You’re right it was rushed but neither BioNTech nor Pfizer took any of the “warp speed” money. BioNTech were first out of the block anyway, possibly as they had done Sars vaccine before.
That’s not exactly correct. They didn’t take any of the research funding money, but they did take around $3 billion dollars from Operation Warp Speed for 300 million doses. They confirmed in a press release that this DID make them part of Operation Warp Speed , which was why they got the EUA for their drug and produced 300 million doses for US citizens.

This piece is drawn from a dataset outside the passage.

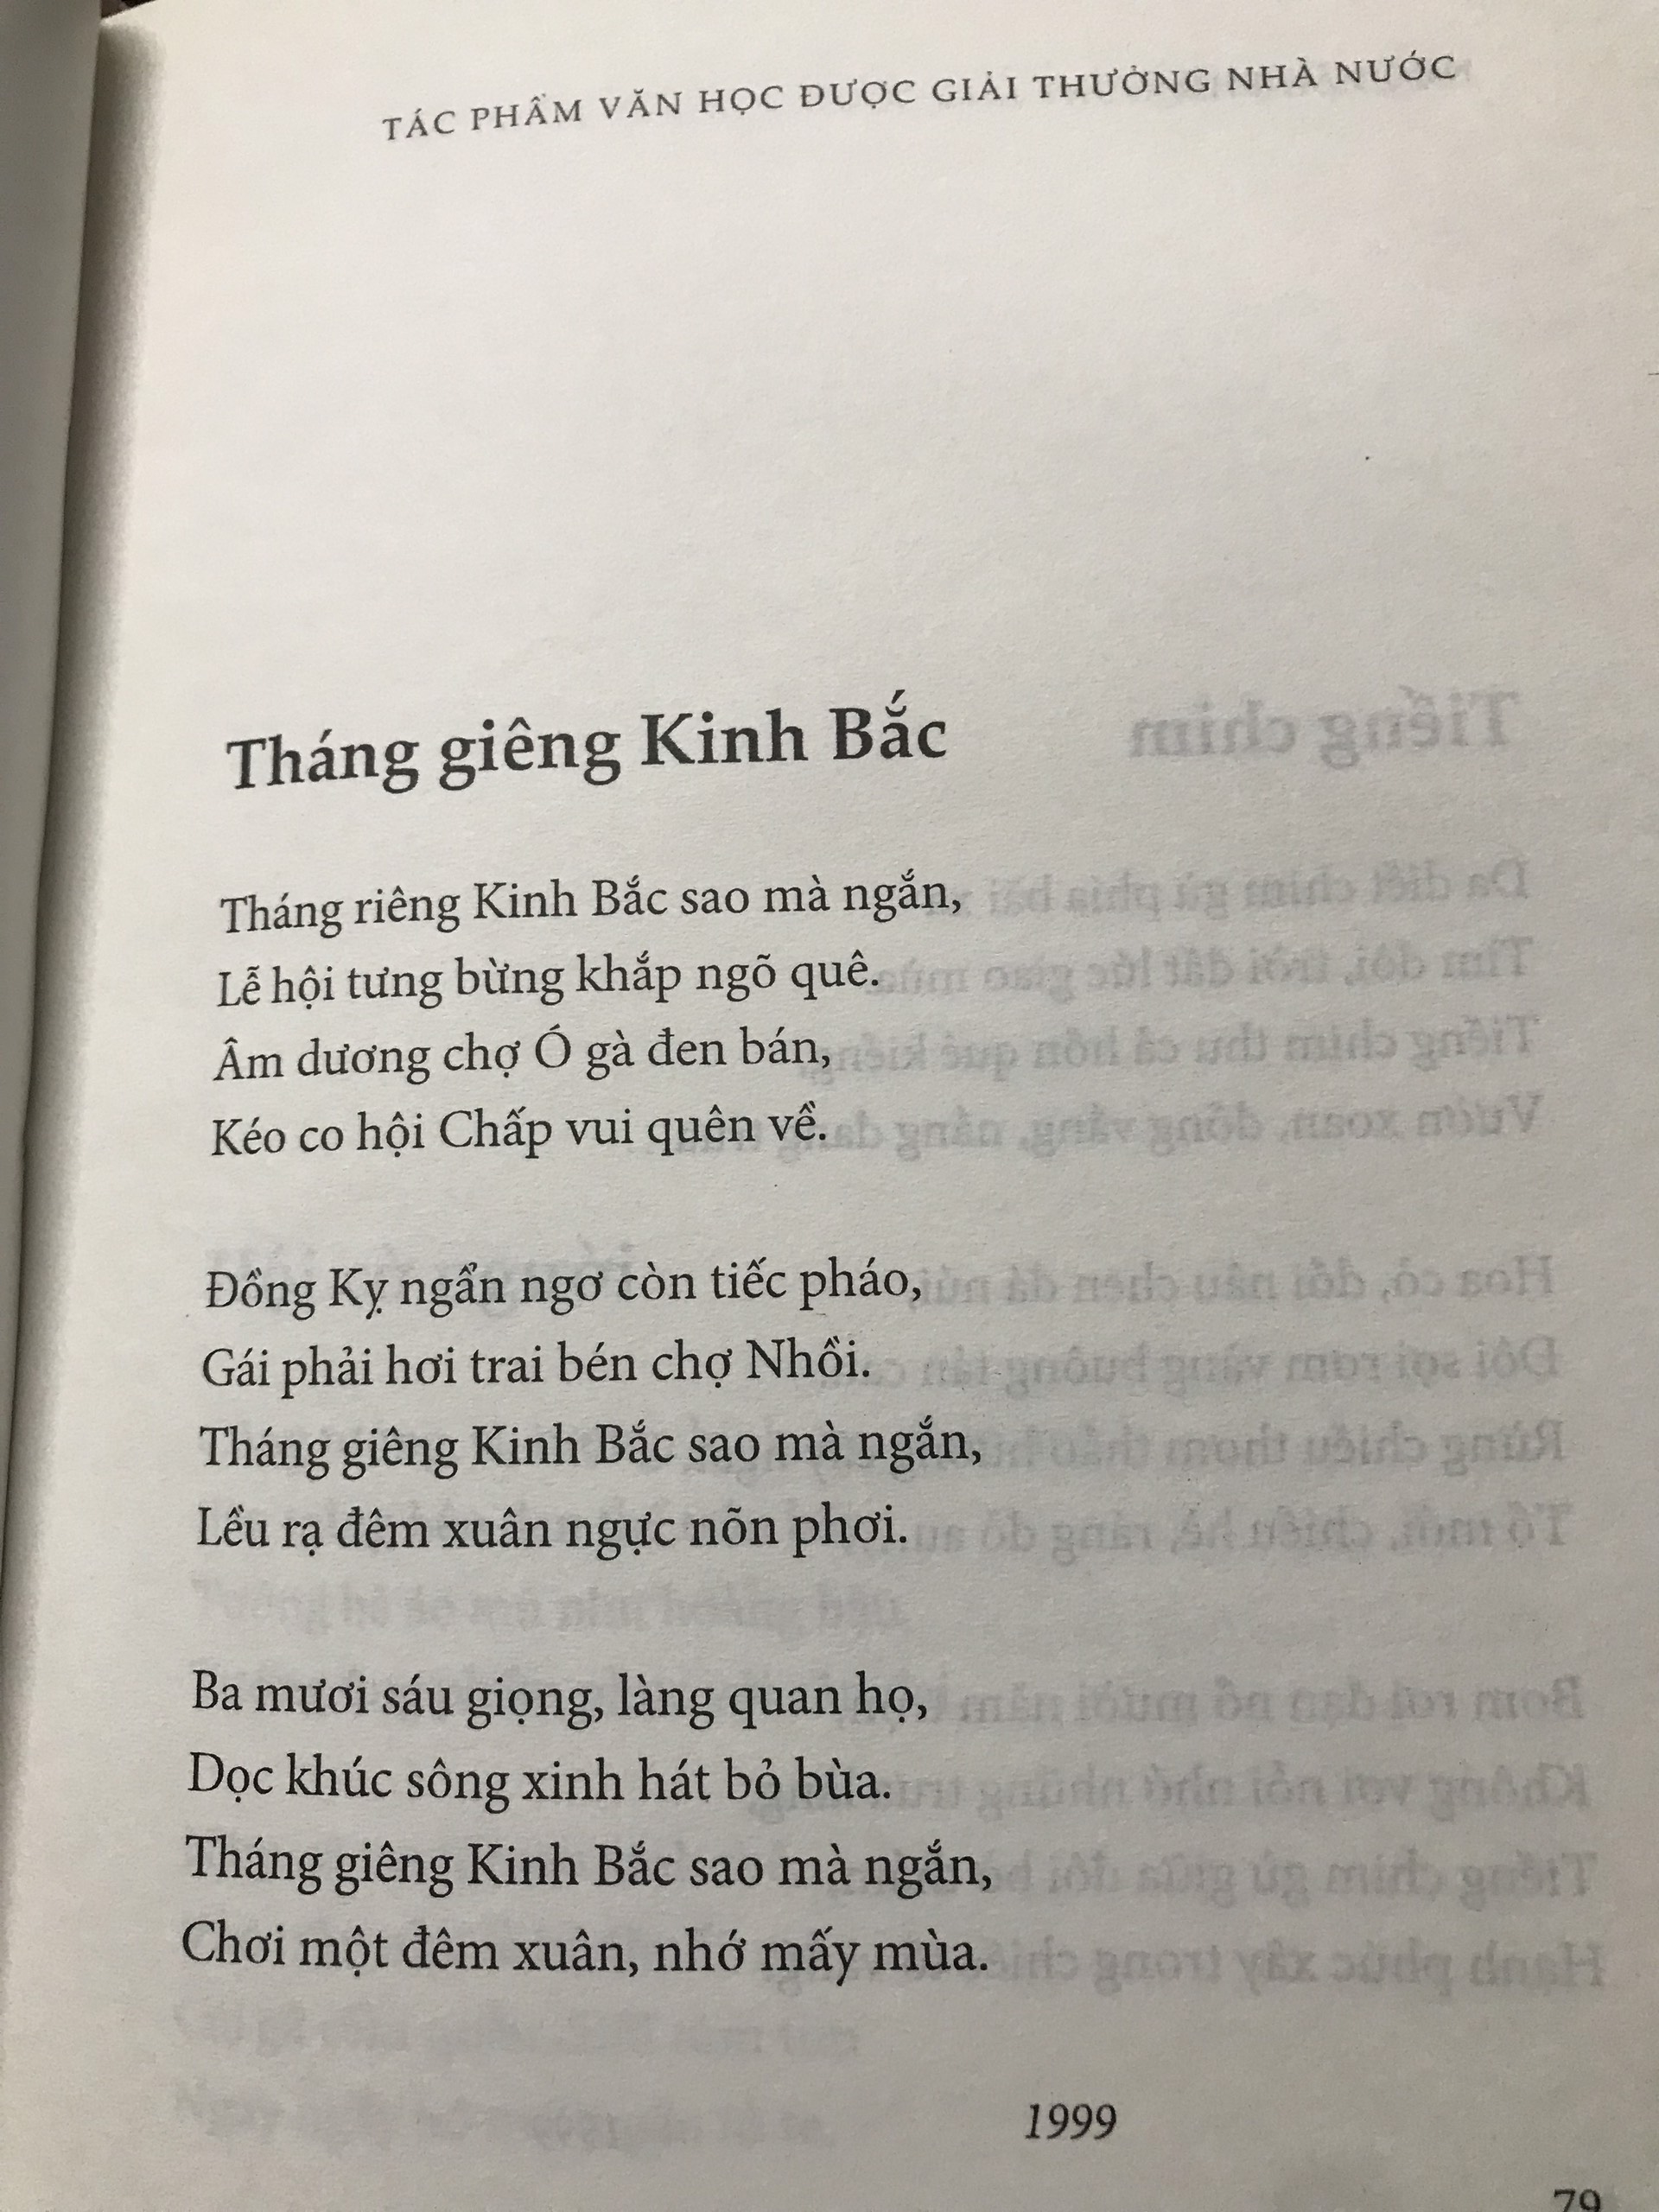 Combo thơ Ngô Văn Phú (Vầng trăng dấu hỏi - Phương gió nổi) + thơ Trần Lê Khánh ( Xứ rung một ngọn mây) sách bìa cứng

“Wheels within wheels.” (Frank Herbert)
Guys, I just started the Goalpost Moving Company, for anti-vaxxers who suddenly find themselves on the wrong side of FDA approval. I expect a lot of business soon, so if you can lift up to 5 words and love to work from home, please let me know. Lots of work incoming.
So far I’ve seen people saying that FDA was bribed by Big Pharma, and/or it’s not “really” approved.
One meaningful thing this does (beyond kicking one of the arguments of anti-vaxxers out from under them), it seems to me, is that it could make it legal for doctors to prescribe it for “off-label” use. Which suggests that a pediatrician could possibly prescribe it for an under 12 if they deemed it “medically appropriate”
Per the FDA: “From the FDA perspective, once the FDA approves a drug, healthcare providers generally may prescribe the drug for an unapproved use when they judge that it is medically appropriate for their patient.”
I am not a doctor or a medical regulator or a lawyer, so take this all with the hugest grain of salt.
Does it mean that people can start asking their doctors for an unofficial third-dose?